On a simple plate element model, the frequency of the first mode increases drastically when reducing the mesh size. The results with Simulation Mechanical 2014 SP1 are as follows:
Mode Mesh Size
0.5 0.1 0.05 0.03 mm
1 12.7 266 778 1990 Hz
2 17.6 18.2 18.3 18.3 kHz
3 35.9 36.7 36.9 36.9 kHz
4 37.2 38.4 38.6 38.7 kHz
5 39.4 41.0 41.3 41.4 kHz
I suspect a software bug. Any suggestions?
Hello Wolfgang,
I'm sorry to learn that you are experiencing unusual first mode results while using a finer mesh. Perhaps this issue could be addressed more directly by creating a case from within the Autodesk Subscription Center? That way your model can be collected and we can discuss the details more clearly.
Hi Pat,
Since my initial post, I did the following:
- analysed the model with a different FEA software and found that it did not result in the low frequency mode, but agrees with modes at 18,36,38 kHz
- analysed the Simulation Mechanical model with different plate element formulations and found that the low frequency mode occurs only for the Veubeke formulation, using any of the others resulted in only the modes at higher frequencies.

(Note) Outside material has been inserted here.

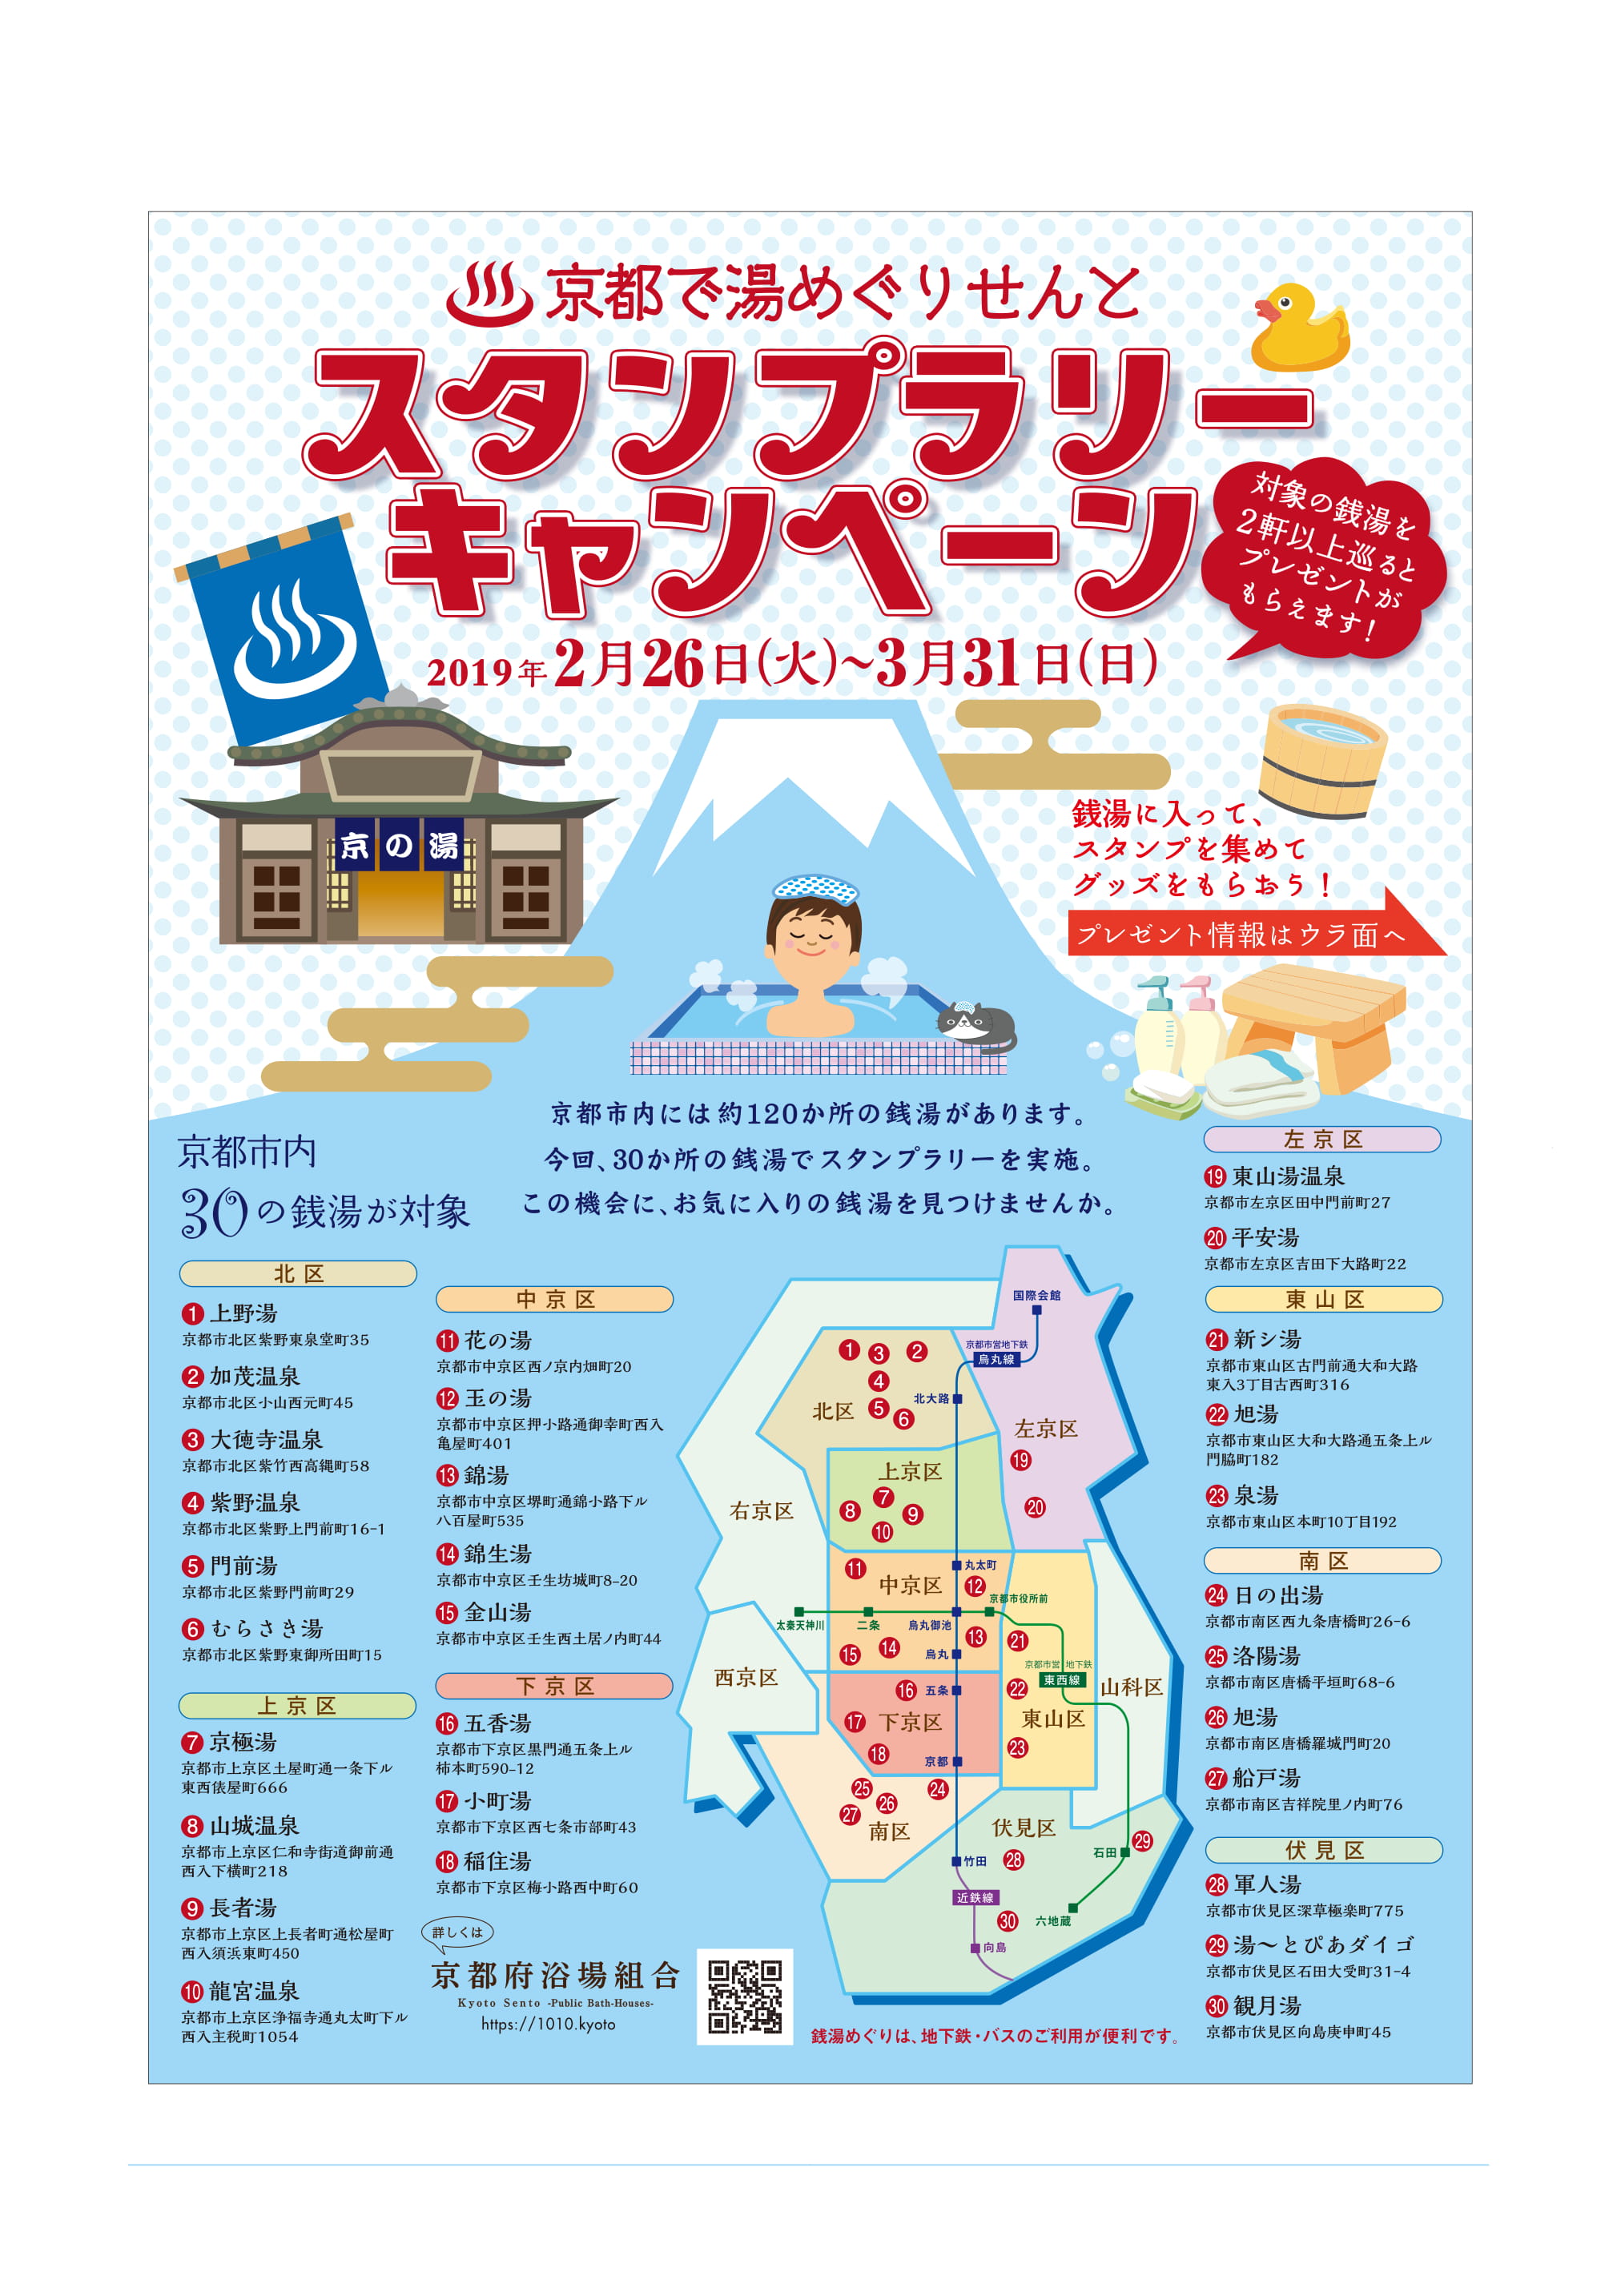 京都で湯めぐりせんと スタンプラリーキャンペーンを実施します 公式 京都銭湯 京都の銭湯100軒以上をご紹介

I'm now sure that there is a bug. I will send you the model. Please try to replicate my findingas and confirm.
Hello Wolfgang,
You and I had a conversation about this issue, so my post is for the benefit of others.
For the plate model you provided, the first reported mode shape and frequency was not correct and in fact, the second mode shape and frequency reflected the actually first mode shape and frequency. The incorrect mode shape is obvious in its convoluted and inconsistent display. Using the other solver returns the error that the matrix was not positive or definite. You and I found the following work-arounds for this limitation:
Either of these changes produce believable results for the first mode. It seems the original problem is related to the large number of constrained plate element nodes for which the translational degrees of freedom are constrained, but the rotational degrees of freedom remain unconstrained. The Reduced Shear element formulation works because this formulation has a reduced order. The reason the sparse solver provided an incorrect result compared to the sub-space iteration solver is because the sparse solver "could" provide a solution whereas the subspace iteration solver could not. So, with the added ability to produce a result that the subspace solver solver could not also requires that operator must assess the results to ensure validity... as as you did.
Nonetheless, the details of this issue have been forwarded to development for further review and the known work-arounds are posted here for completeness.